Herman: I totally agree with what you said about the cable problem, Molly. The internet is inventing the problem that cable already solved. And anecdotally, people tend to rely on Netflix as this catch-all crutch that collects everything they need in one place. Their success—and people’s willingness to pay—hinges on whether they can live up to that. The first question I get about ANY show I recommend is: “It’s on Netflix, right?”
Luckerson: Disney’s ending its contract with Netflix to launch a competitor, right? I still need to watch Finding Dory on there.
Herman: Yes, watch Moana before it’s too late! Confusingly, Disney’s service will only be for their movies, because they own ABC, which partially owns Hulu.
Luckerson: We haven’t talked much about Hulu. This month it’s dropping its price to $5.99 as a special offer and claiming old Netflix staples like 30 Rock, Futurama, and How I Met Your Mother. Is there a scenario where Hulu overtakes Netflix as the market leader?
Herman: Well, they already beat it to the Outstanding Drama Series Emmy!
Knibbs: Hulu also has Law and Order: SVU.
Bereznak: Also, Hulu has The Bachelor.
Luckerson: Hulu’s bench is shockingly deep, TBH. I’m partial to Everybody Hates Chris.

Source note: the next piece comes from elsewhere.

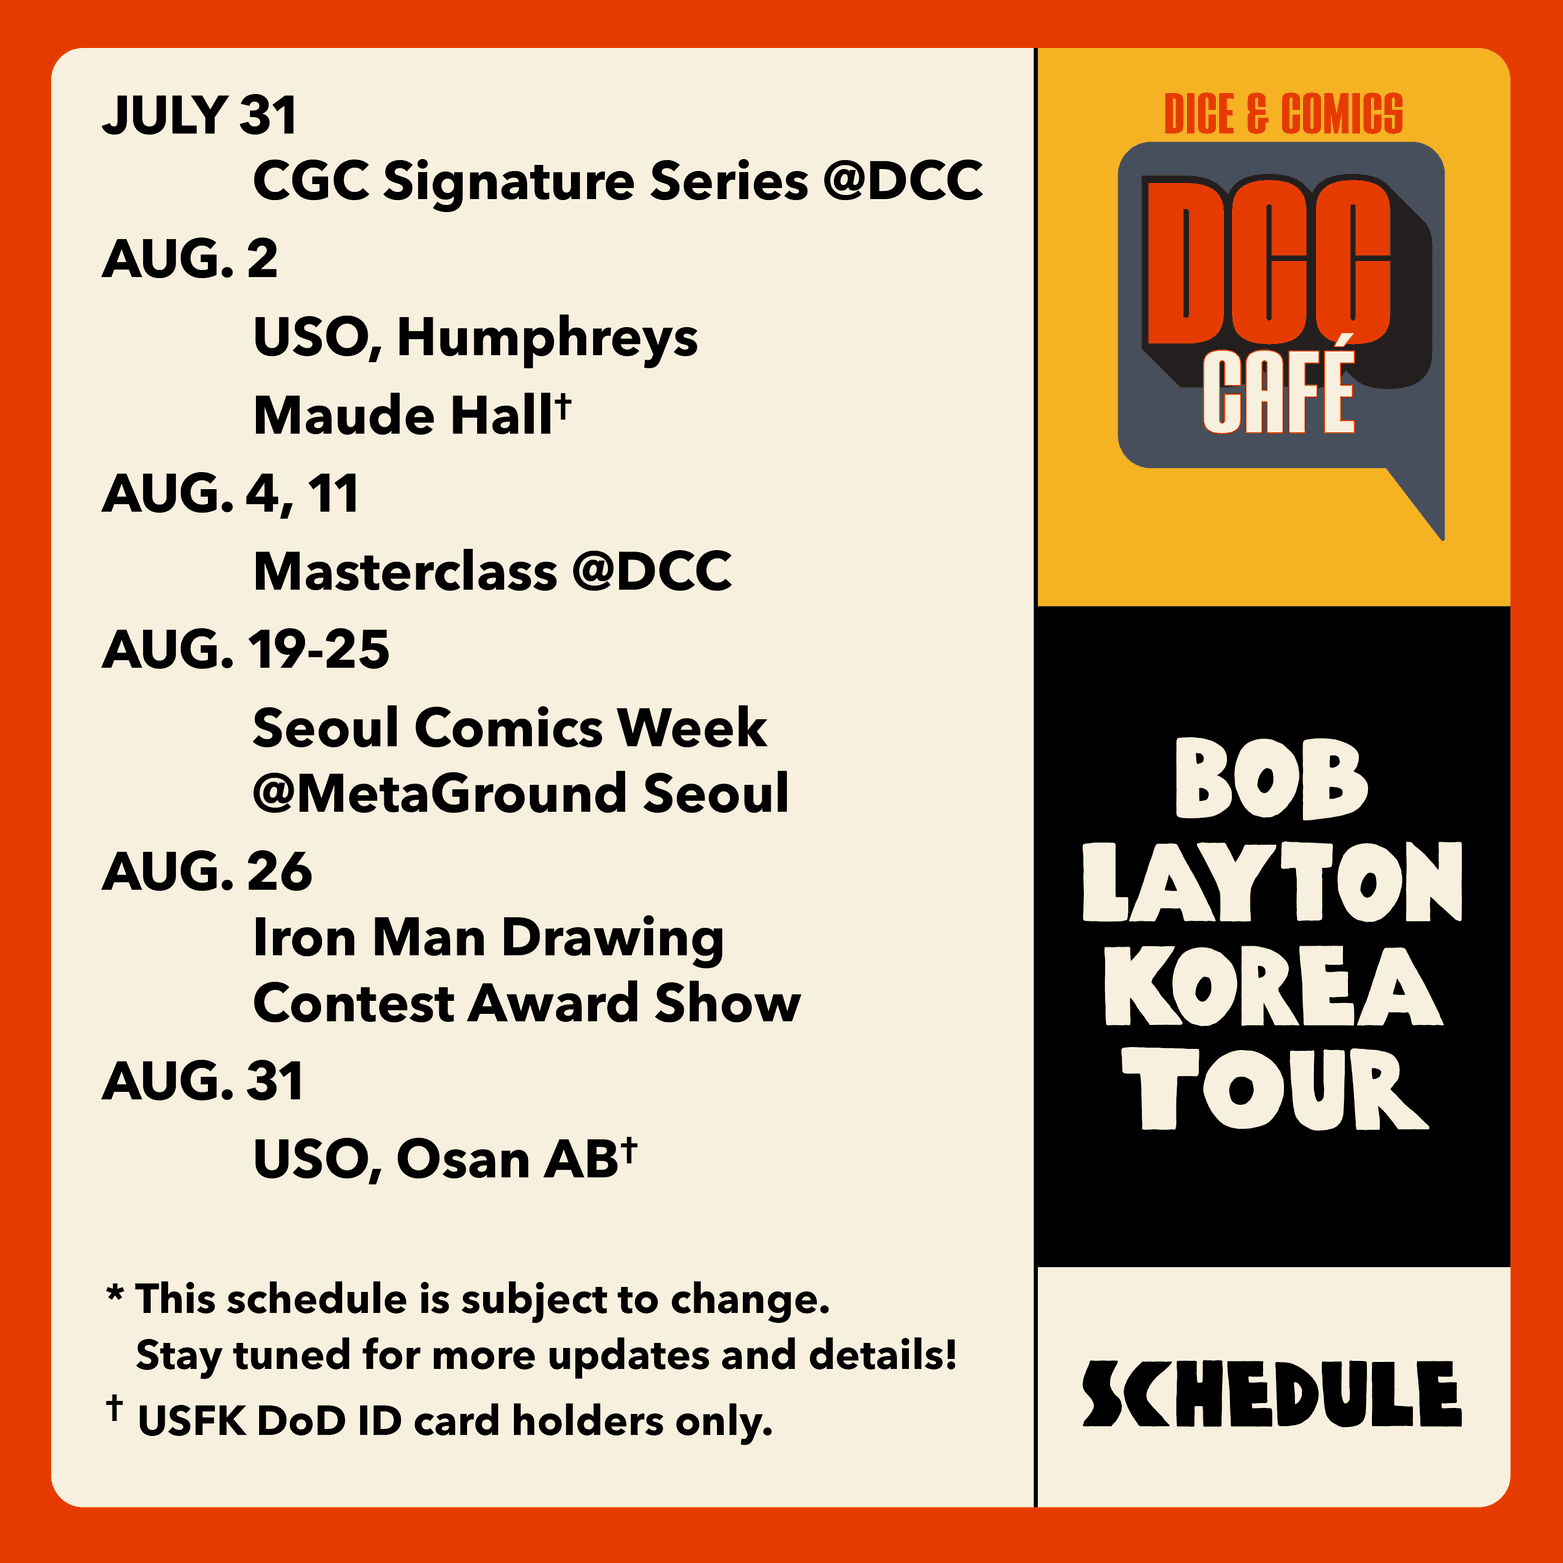 Bob Layton Korea Tour Schedule

Herman: Todd VanDerWerff of Vox wrote a great piece about how Hulu is aiming to replace Netflix as Chief Aggregator, basically. Netflix’s long-term goal is that they’ll have so much original content they won’t need outside help; Hulu’s is certainly not to give up on originals, but augment them with the comfort TV we used to assume was part of the Netflix experience.
Honestly, I think it’s smart!
Bereznak: I have a theory that whichever subscription service amasses rights to the most inoffensive, easy-to-watch-in-the-background reality TV and sitcoms will reign supreme.
The moment they got Seinfeld, they won in my book.
Herman: But Netflix still has Friends ...
Knibbs: As Friends goes, so go the Streaming Wars.
Luckerson: A year later, I still want to know: WHERE THE HELL IS FRESH PRINCE?
Herman: (Don’t forget that Girlfriends is on … CW Seed.)
McHugh: WTF is CW Seed?
Herman: Good question, Molly! My favorite part of Peak TV is how there are now whole NETWORKS people haven’t heard of, not just shows. Crackle! Audience! Go90!
Knibbs: So CW Seed is the Mozart in the Jungle of streaming services.
Bereznak: What deformities hath the streaming wars wrought?
Herman: Too many shows for one poor, overwhelmed critic to ever watch.
Luckerson: Getting back to Netflix, why do y’all think so many people stick with this company through so many iterations? This is a DVD-by-mail service that became a digital locker for old shows that’s morphing into a weird amalgamation of broadcast, animated, and prestige-TV imitators. In its most recent quarter, Netflix added 5.3 million new subscribers, beating analysts’ estimates. Why is the Netflix brand continuing to grow and reach new people through all these transformations?
Herman: The simple answer is that people want an easy way to watch their stories, and $10.99 is still a hell of a lot cheaper than cable.
McHugh: It was the first. We’ve been there so long. We’ve built these accounts based on our likes and streams, etc., etc., etc.—it taught us how to stream! And yeah there’s the fear you cut one of the big ones out and they get something good and then you’re out of luck.
Bereznak: People will always be bored and broke on Friday night. Me and my family used to go to Blockbuster every Friday and rent two movies. I’m pretty sure that ritual has just moved online for a lot of people, and Netflix is the go-to.
Herman: And now that they have a new movie or show EVERY SINGLE FRIDAY, Netflix is now at the point where they’re outcompeting themselves. I didn’t have time for Mindhunter AND The Meyerowitz Stories this weekend!
Knibbs: Even with the price hike, it’s still crazy affordable. I would pay probably three times as much.
Bereznak: Shh, Kate, they’ll hear you.